Golisano's lawsuit, filed in Monroe County, N.Y., initially asked for $400,000 in damages. That figure was bumped down to $310,000 by the time it went to trial in mid-November. The jury found in favor of Golisano — but for $50,000, not the full amount.

Rochester attorney Glenn Pezzulo, who represented Golisano, tells Coffee Talk his client “did this as a matter of principle,” and intends to donate the money to an autism charity.

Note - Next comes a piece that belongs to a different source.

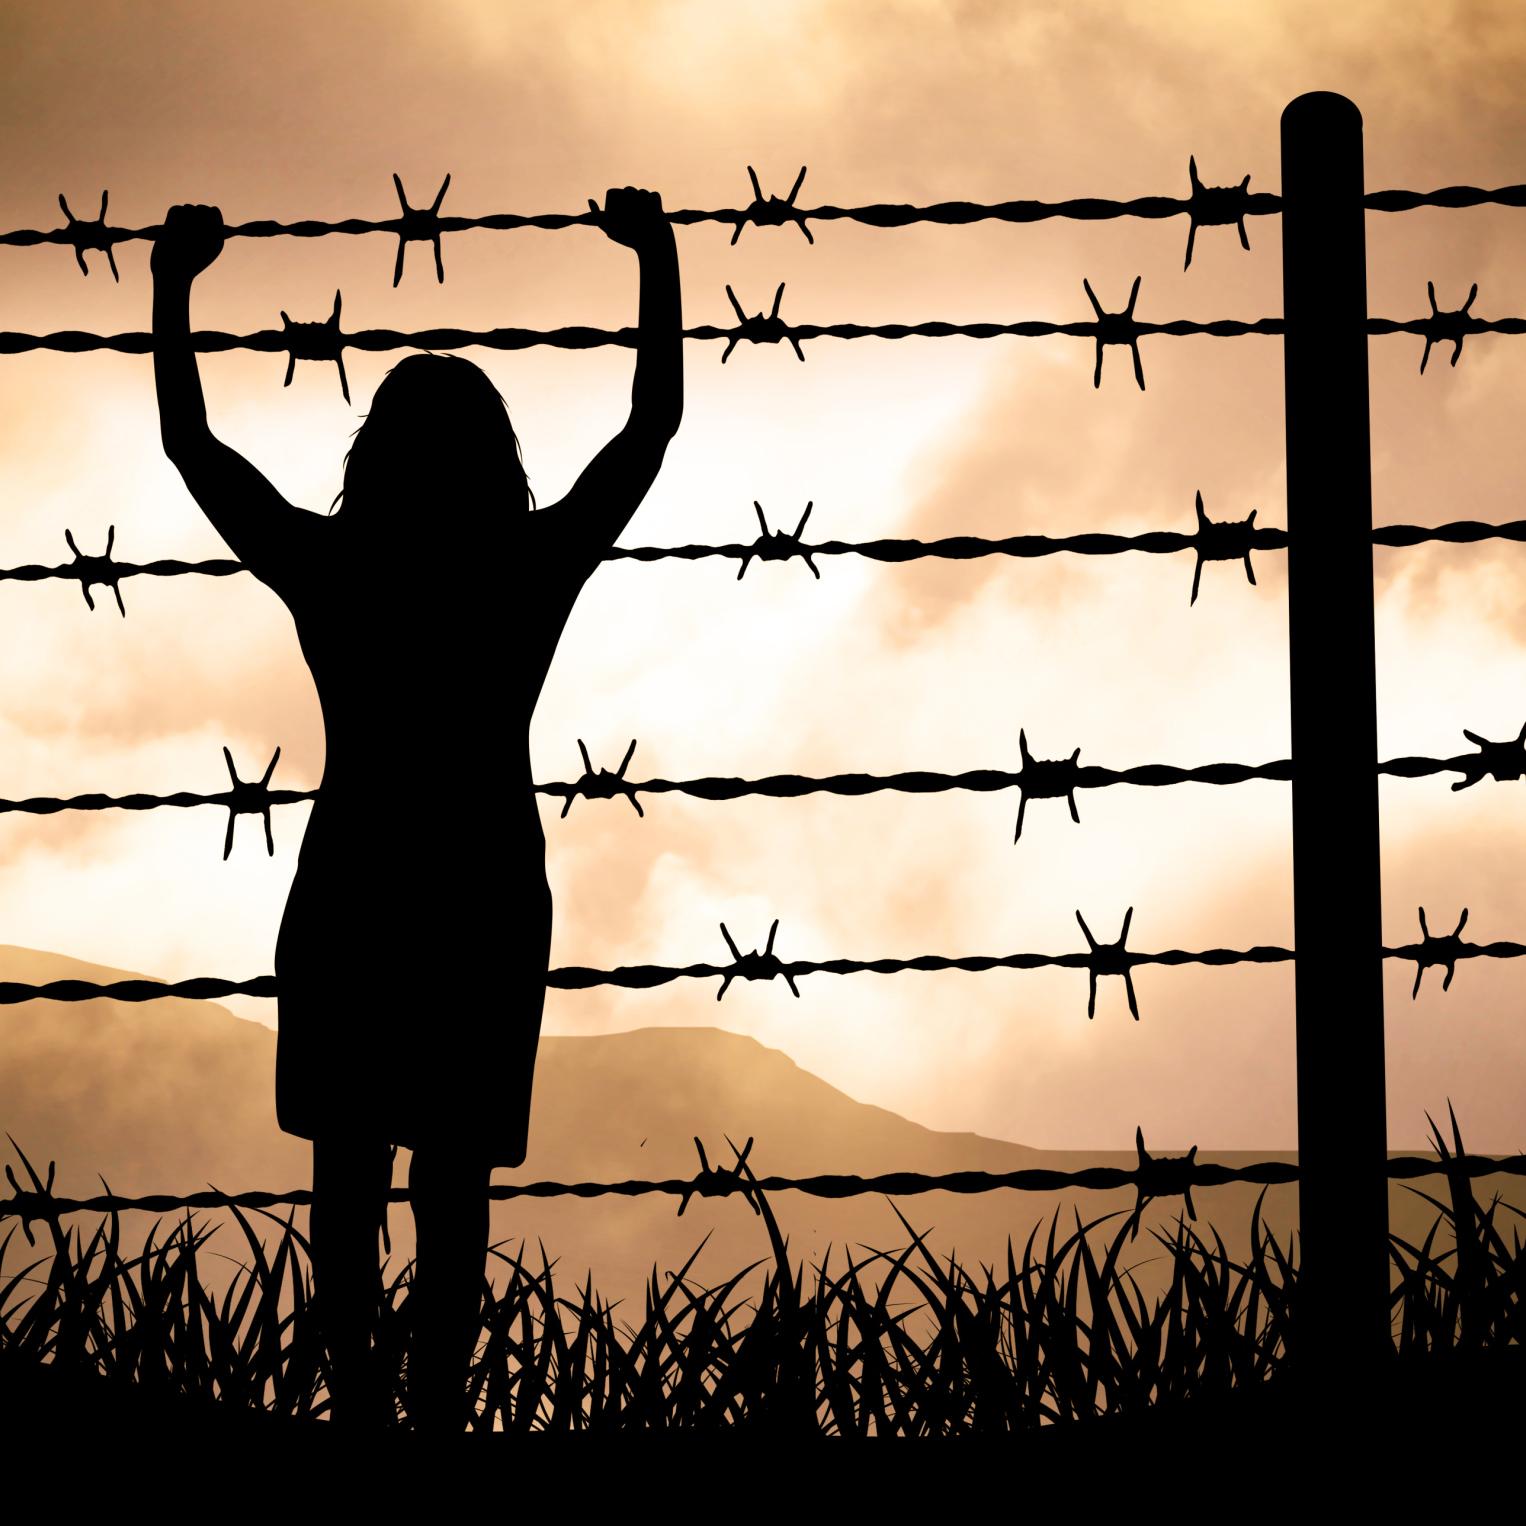 Открытка, картинки с надписями о тюрьме

The principle, Pezzulo adds, is one of the lead designers, Norma Goldman, over several meetings, promised she wouldn't overcharge or run a markup, Golisano alleged. Goldman worked for Golisano before, on his upstate New York home. (One meeting where Golisano and Goldman talked about fees for the Laurel project, court records show, took place in Golisano's Naples home.)

Goldman, according to deposition records, presented a different version. She alleged Golisano promised he wouldn't sue her if she fixed several issues with the project — for free — soon after he took the Laurel out for a trip out of West Palm Beach. Goldman, in court, further contended the markup was a misunderstanding, not deception. Goldman's attorney, David Rothenberg, declined to comment.

“It came down to two competing versions of what happened,” Pezzulo says. “Even though it was less than what we had asked for, we are very glad the jury agreed with Tom.”

Beyond the 'rich are different than you and me' air to the lawsuit, Golisano, who founded payroll giant Paychex and once owned the NHL's Buffalo Sabres, remains one of the region's most noted philanthropists.

Golisano became a full-time Florida resident in 2009, wanting to escape New York's high taxes. In the last nine years he's donated more than $30 million to Southwest Florida causes and institutions, including a children's hospital in Fort Myers; a children's museum in Naples; and a field house at Ave Maria University.